‘CARE’ is something we do for others, but it’s also an emotional attitude of attentive compassion, of kindness, and delivering it can be a privilege as much as it can also be a burden and a responsibility.
These words from GP Gavin Francis’ perhaps best capture the message of his new book, Intensive Care. Francis writes on behalf of the medical profession, eloquently telling of “the evolution of a pandemic seen from inside that profession, carrying on its work quietly, unobtrusively”.

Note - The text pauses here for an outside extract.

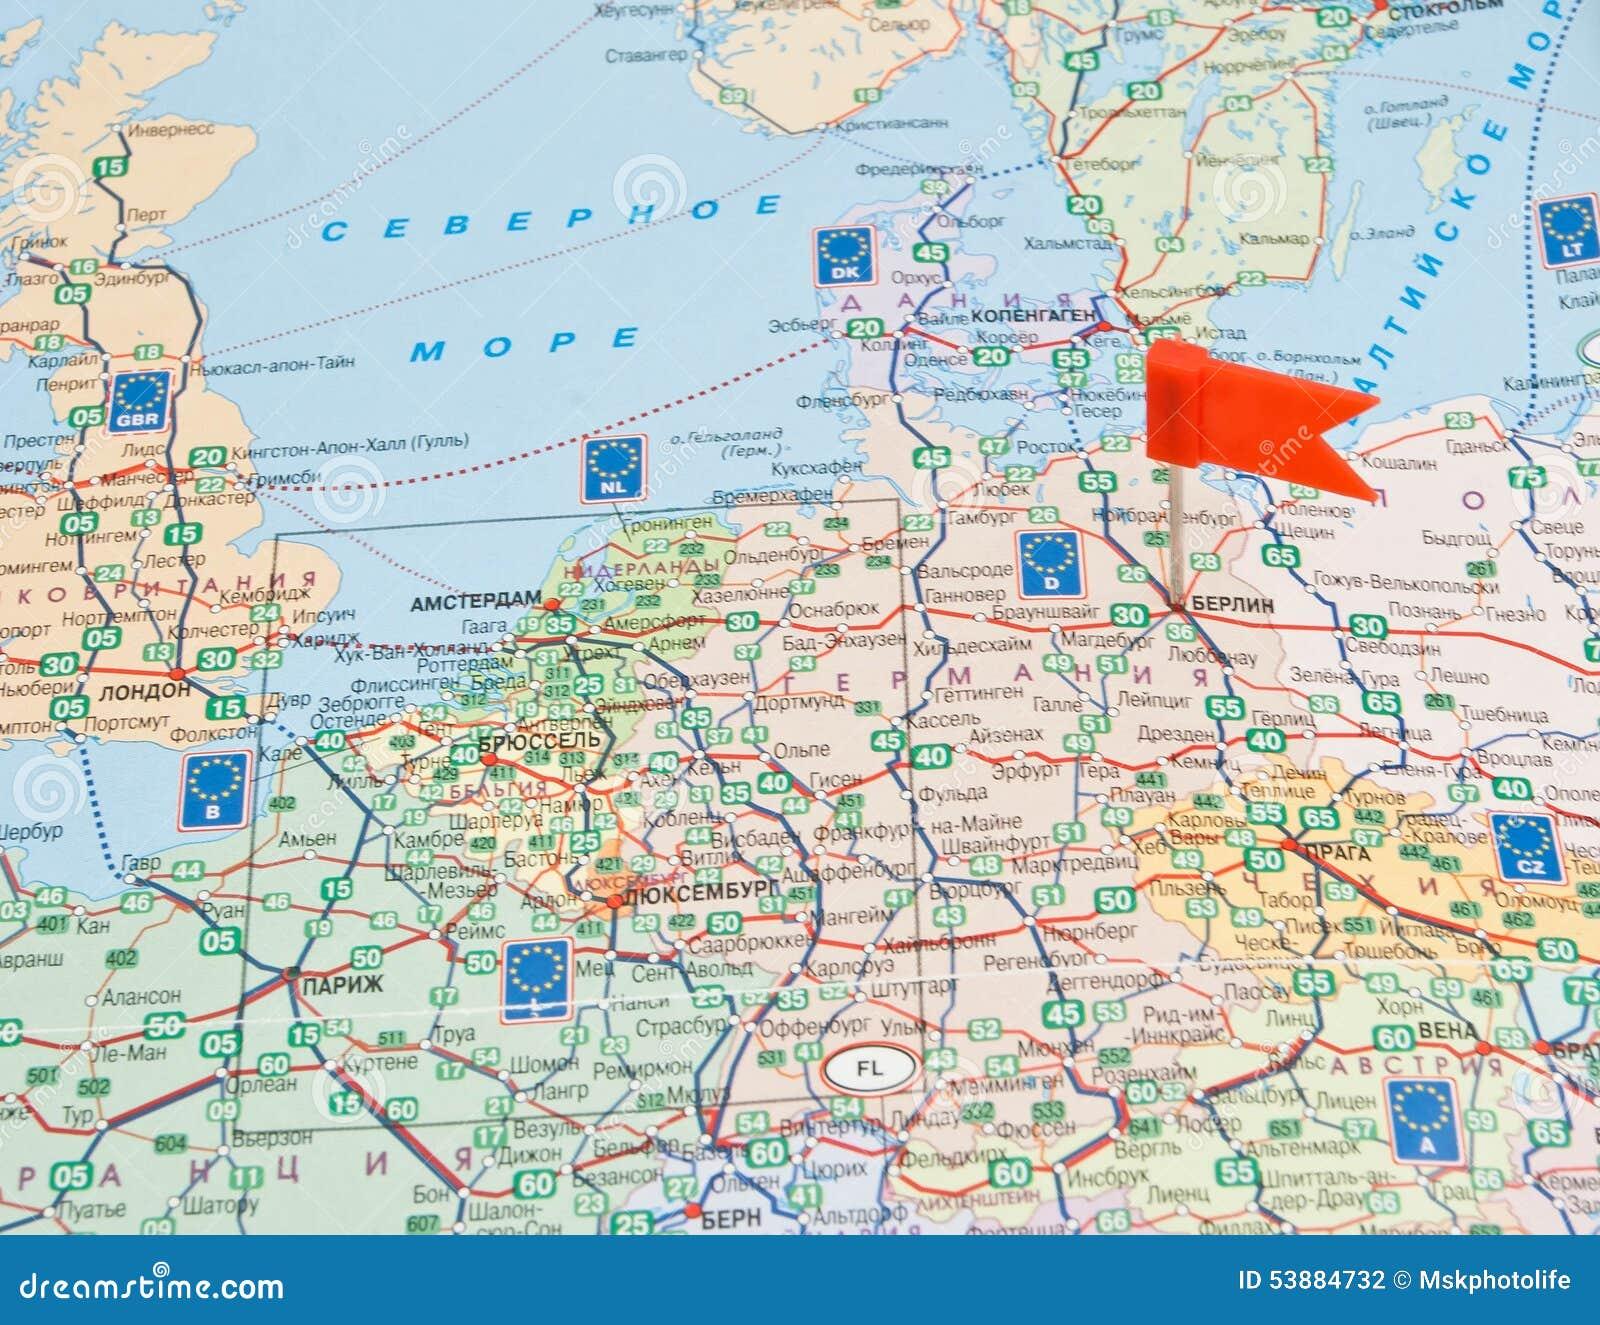 Carte Europe Routes.Carte De Route De L Europe Avec La Note Au Sujet De L

Healthcare professionals know all too well the immense challenges posed by Covid-19 during the long months of 2020, and what they did to support and care for their patients and communities. Francis shares a personal account of caring for his community. This is important. It provides a reminder of why the quietly, unobtrusively caring profession was cheered so loudly early in the pandemic.
Intensive Care is skilfully written and provides a concise, stirring account of nine months when everything changed. Francis’ narrative of his everyday encounters with, and care of, patients is complemented by asides on medical history (including pandemics and public health, with fascinating tales about life in days gone by in Edinburgh, where Francis lives and works), the science of viruses and vaccines, along with the details of what we very quickly learnt about Covid and how it makes us ill, and how the profession rose to tackle one of the greatest challenges faced by the NHS.

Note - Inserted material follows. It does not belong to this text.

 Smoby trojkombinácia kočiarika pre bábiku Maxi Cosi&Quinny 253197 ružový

Francis explores the burdens and responsibilities borne by healthcare professionals during the pandemic in the face of what some doctors considered to be inconsistent and unclear official advice, limited access to PPE, new ways of working (balancing the need for greater remote working with the need to maintain the fundamental aspect of the doctor-patient interaction – the clinical encounter) and those suddenly even-more-difficult conversations about end-of-life care and ‘rationing’ healthcare. Francis writes: “I had the sense that society was only just becoming aware of the gruelling questions that, within medicine, we’re accustomed to asking”.
Perhaps one of the greatest challenges, along with ‘long Covid’, facing the NHS in the years ahead will be the mental health repercussions from the pandemic and lockdown. Francis ends his account of 2020 with an acknowledgement that “the work of medicine is without end” and that, as before, intensive care and kindness will help us overcome all.